How are the EM currencies faring? 

The South African rand soared by 0.2% versus the greenback on Thursday, while most central and eastern European currencies rallied against the euro. The Hungarian forint gained the most. Poland’s zloty also jumped by 0.5% versus the common currency. According to new data, Polish producer prices increased to 24.6% year-over-year in September. That is below the forecast.

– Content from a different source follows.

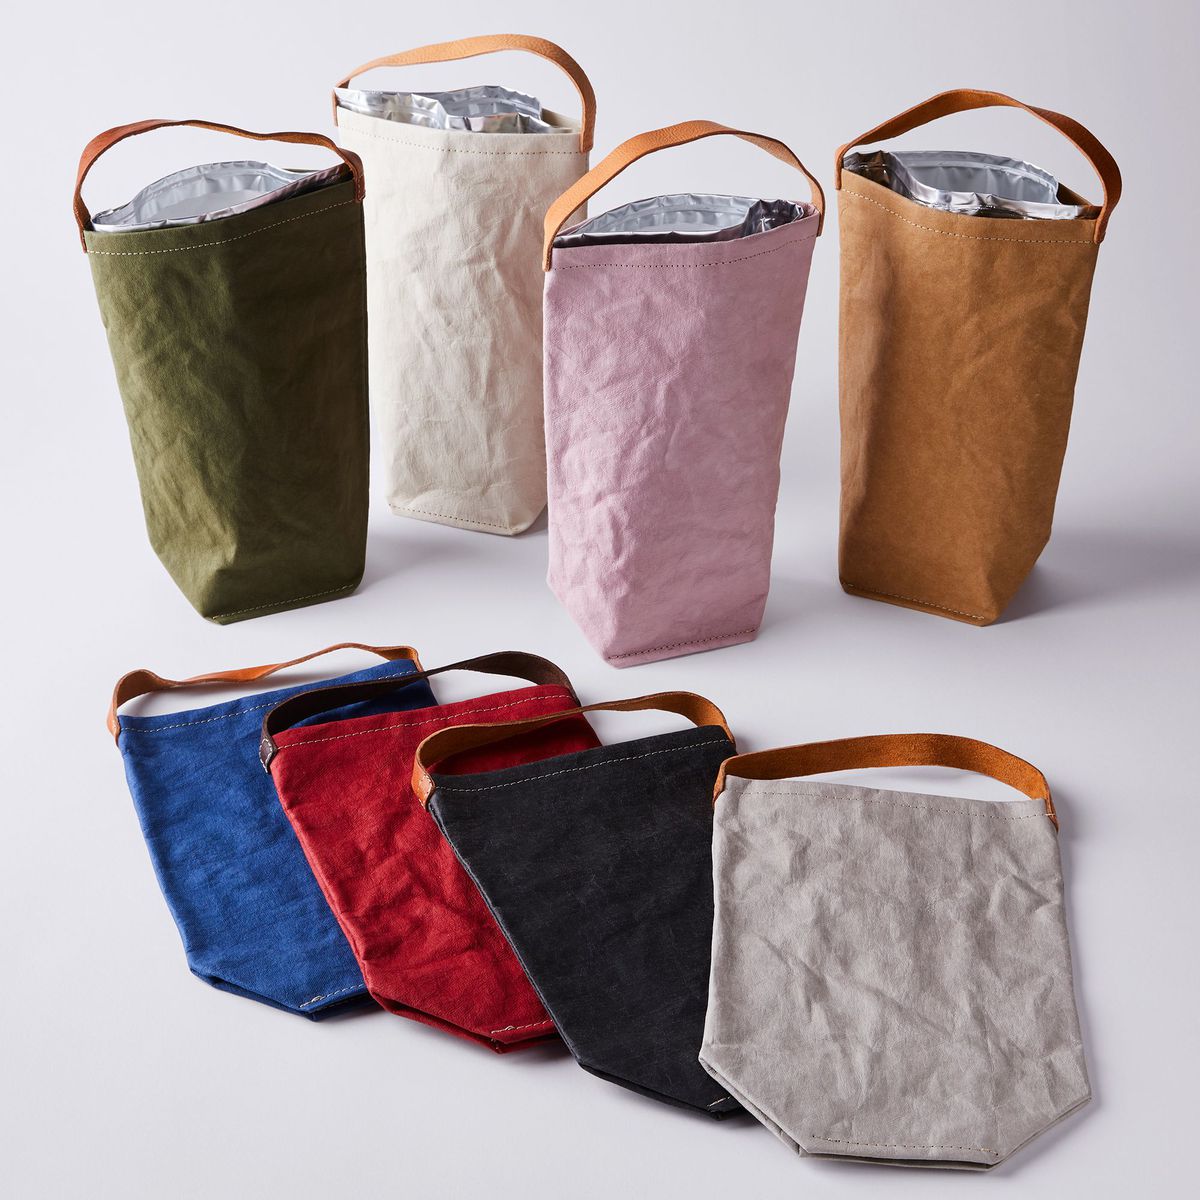 An assortment of combination wine bags and coolers in various colors

Furthermore, the Turkish lira traded in the green today after briefly tumbling to a record low. The country’s central bank cut rates more than analysts expected. The lira exchanged hands at 18.58 against the USD. It climbed up from 18.6 reached on Wednesday, as well as a record low of 18.6150 it hit briefly after the rate announcement. Turkey’s central bank announced a 150 basis-point cut to 10.5%.

Ipek Ozkardeskaya, the senior analyst at Swissquote, noted that inflation is very high in Turkey, and a higher interest rate cut doesn’t make sense. The central bank will be able to spend all the money it gets in order to keep the dollar stable. However, if the money stops coming in, then the country won’t be able to keep the lira at the current levels against the greenback.